- **TASK PROMPT**: Quote the lines below from the one containing "Aerial view of" to the final line, both ends included; exclude the pictures.

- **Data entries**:

···

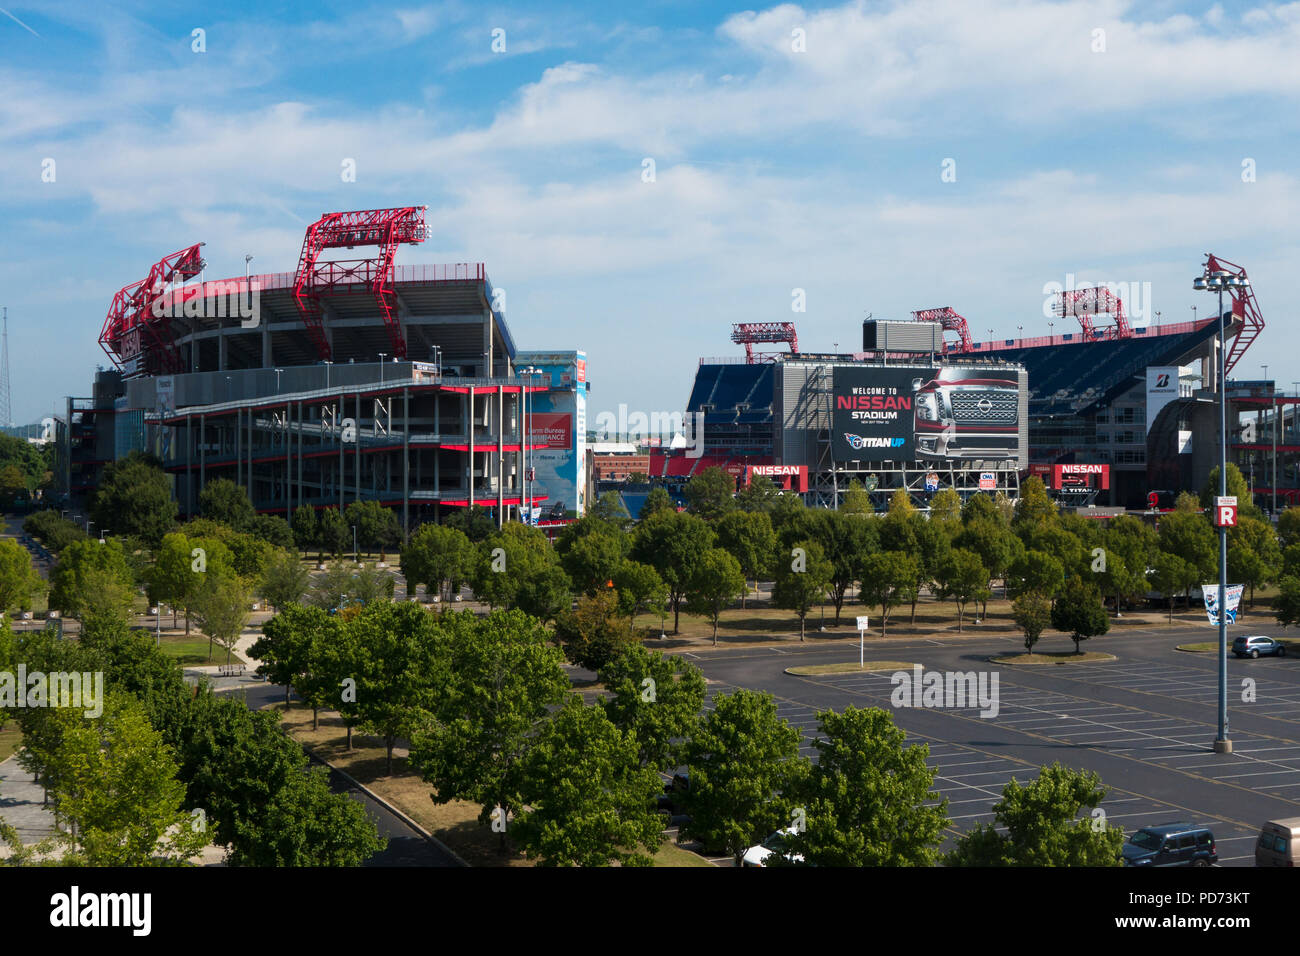 Nissan Stadium in Nashville, Tennessee, USA is the home of the Tennessee Titans NFL football team. Stock Photo
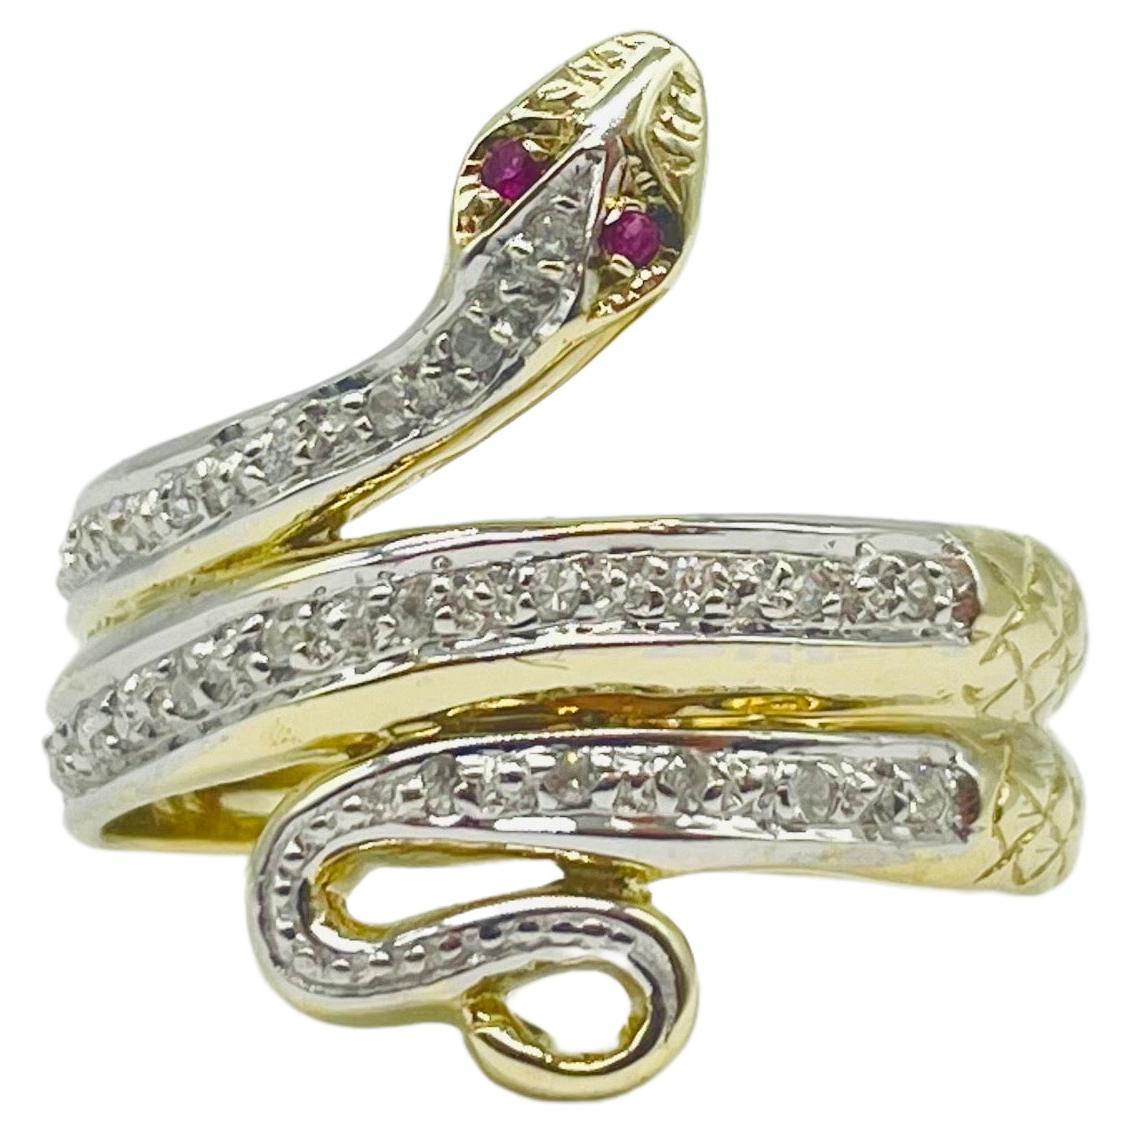 Art deco snake ring with diamonds and ruby yellowgold 
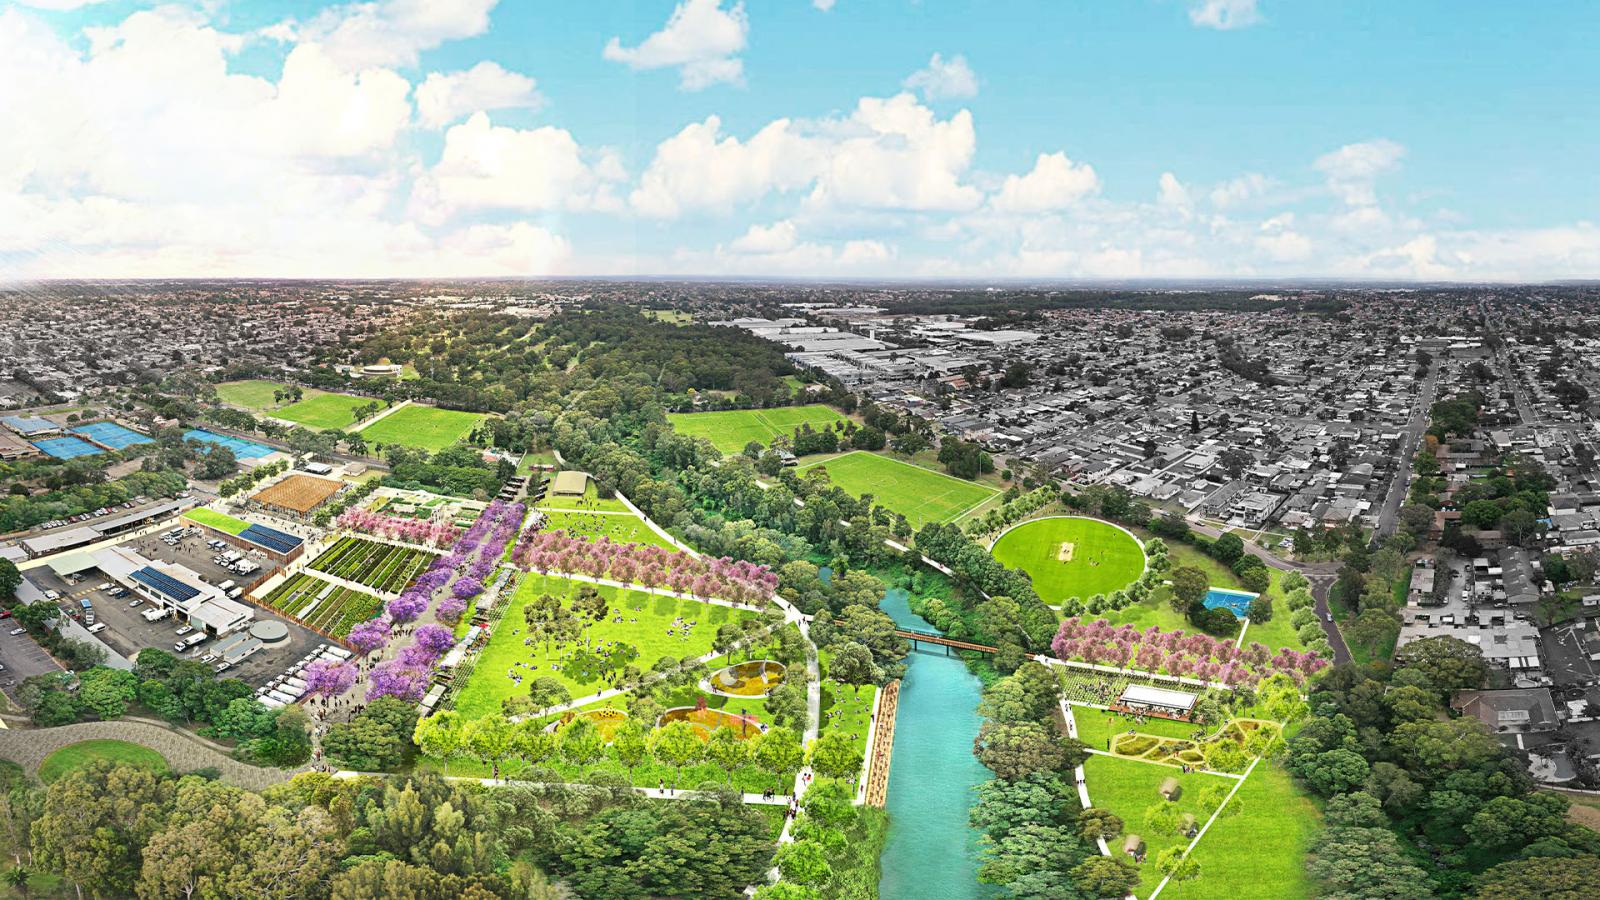 Aerial view of a vibrant urban park with green spaces, sports fields, pathways, and clusters of trees and flowers along the scenic Duck River. The park, part of an extensive masterplan, is bordered by residential neighborhoods on one side and industrial buildings on the other under a partly cloudy sky.
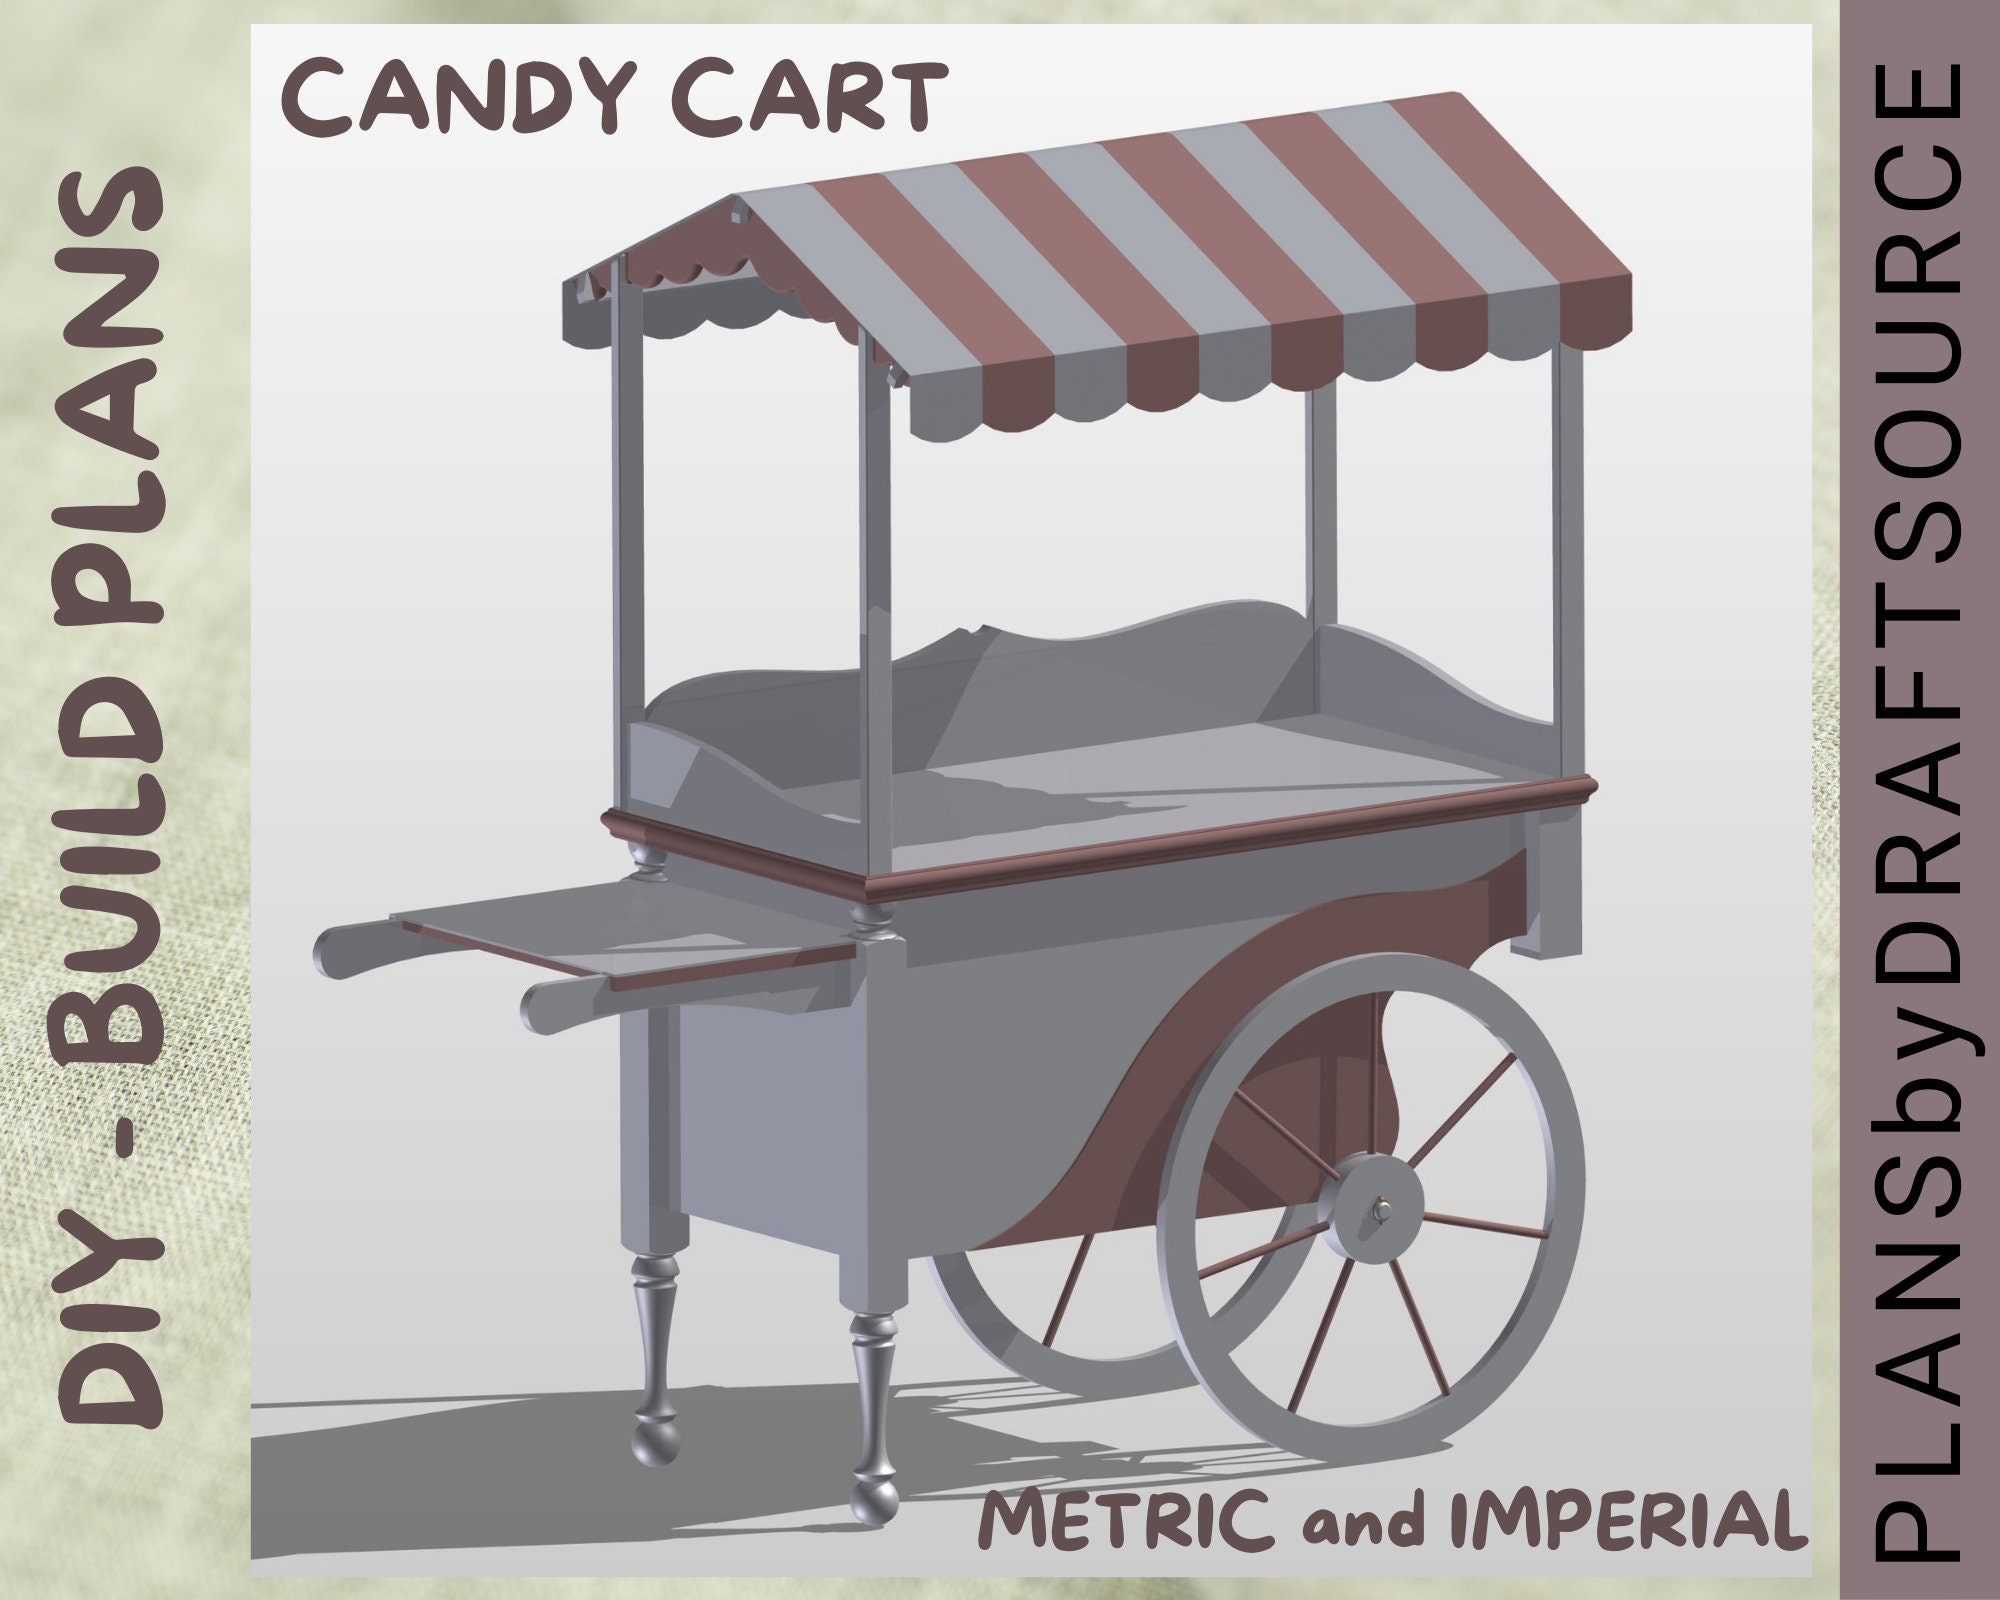 Wooden Candy Cart Diy Plans In Mm And Inches Etsy
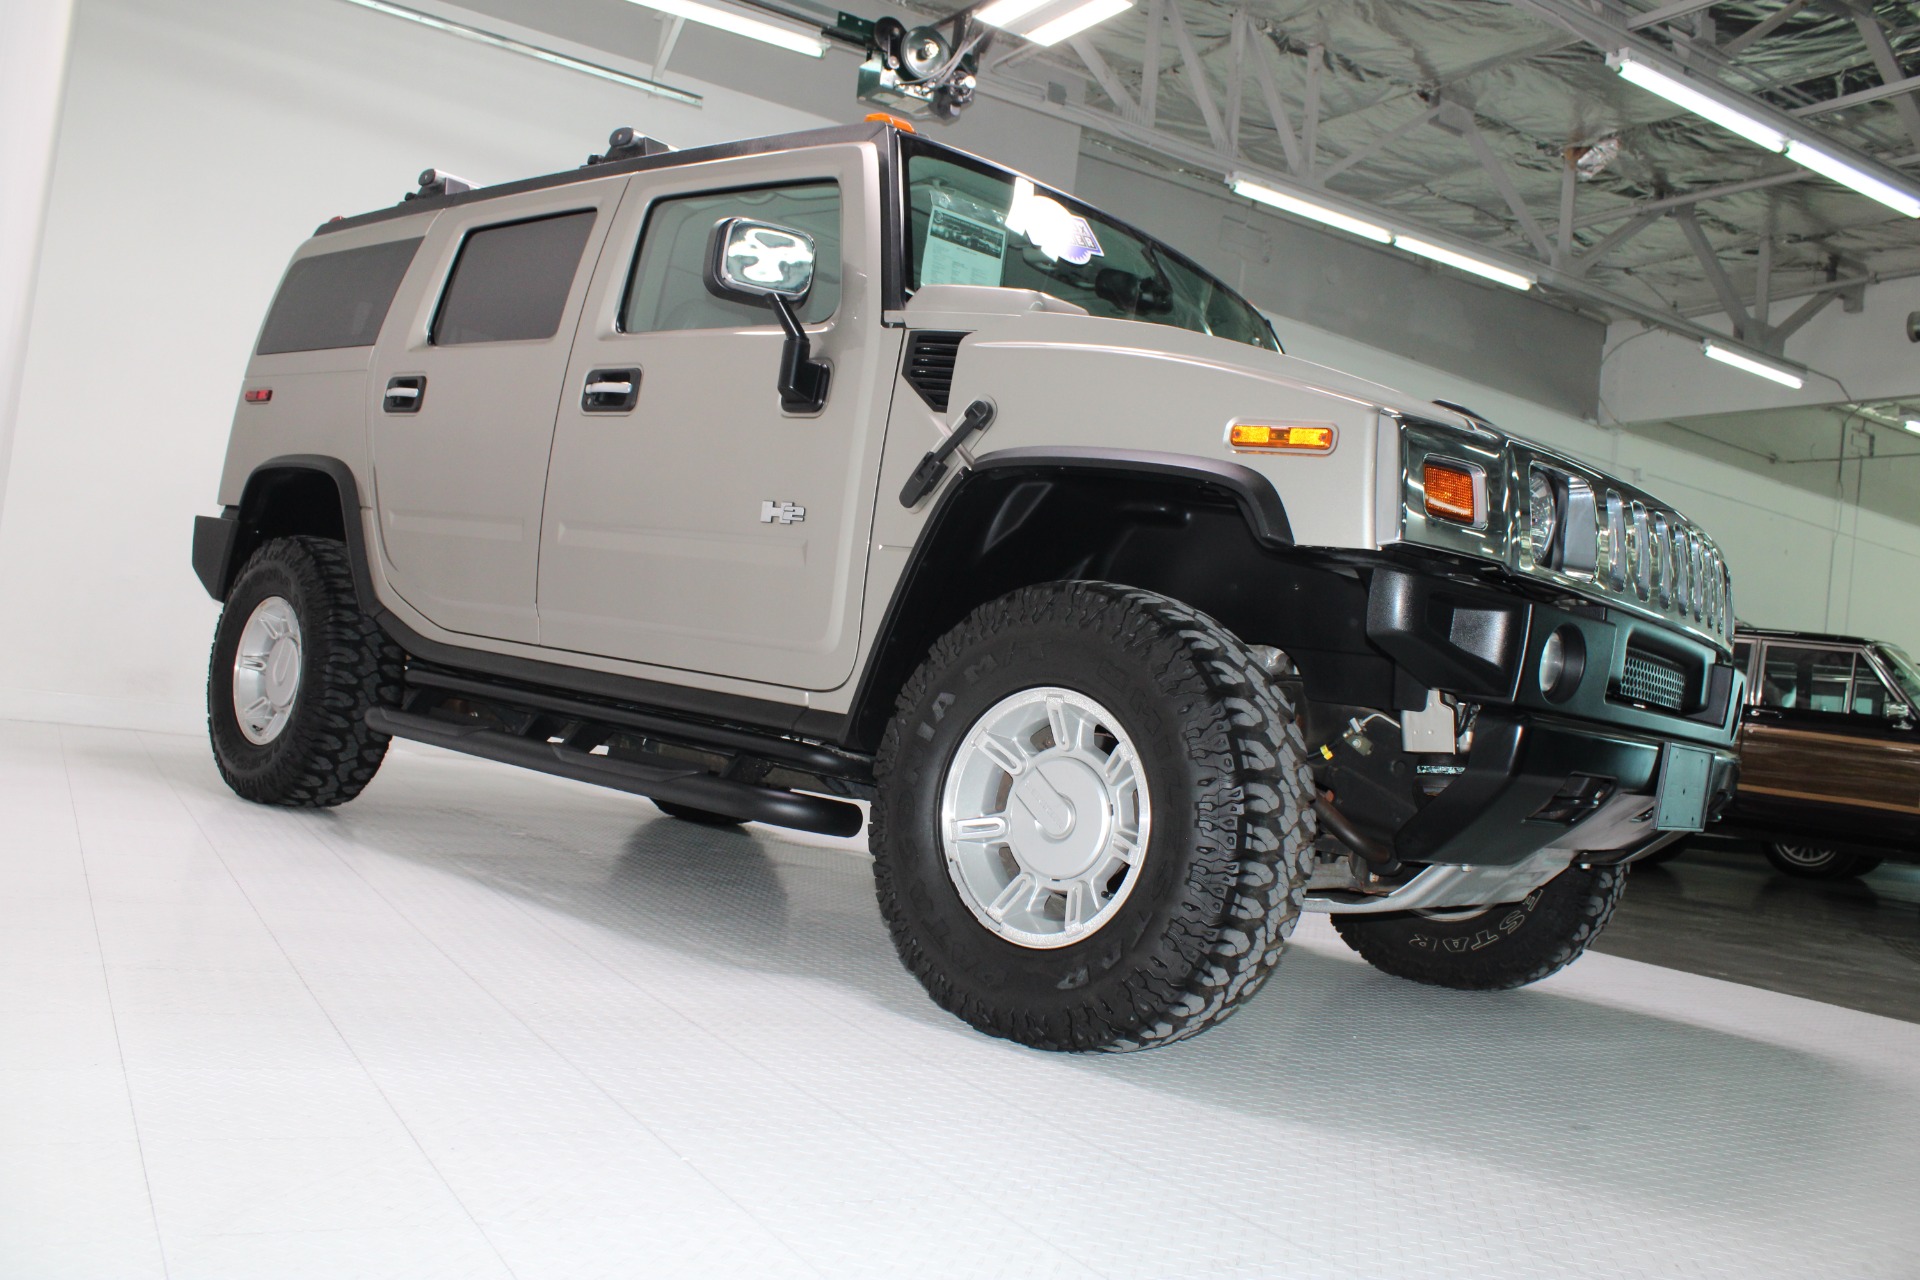 Used-2003-HUMMER-H2-SUV-Chevrolet

···

- **EXERCISE ANSWER**:
 Aerial view of a vibrant urban park with green spaces, sports fields, pathways, and clusters of trees and flowers along the scenic Duck River. The park, part of an extensive masterplan, is bordered by residential neighborhoods on one side and industrial buildings on the other under a partly cloudy sky.
 Wooden Candy Cart Diy Plans In Mm And Inches Etsy
 Used-2003-HUMMER-H2-SUV-Chevrolet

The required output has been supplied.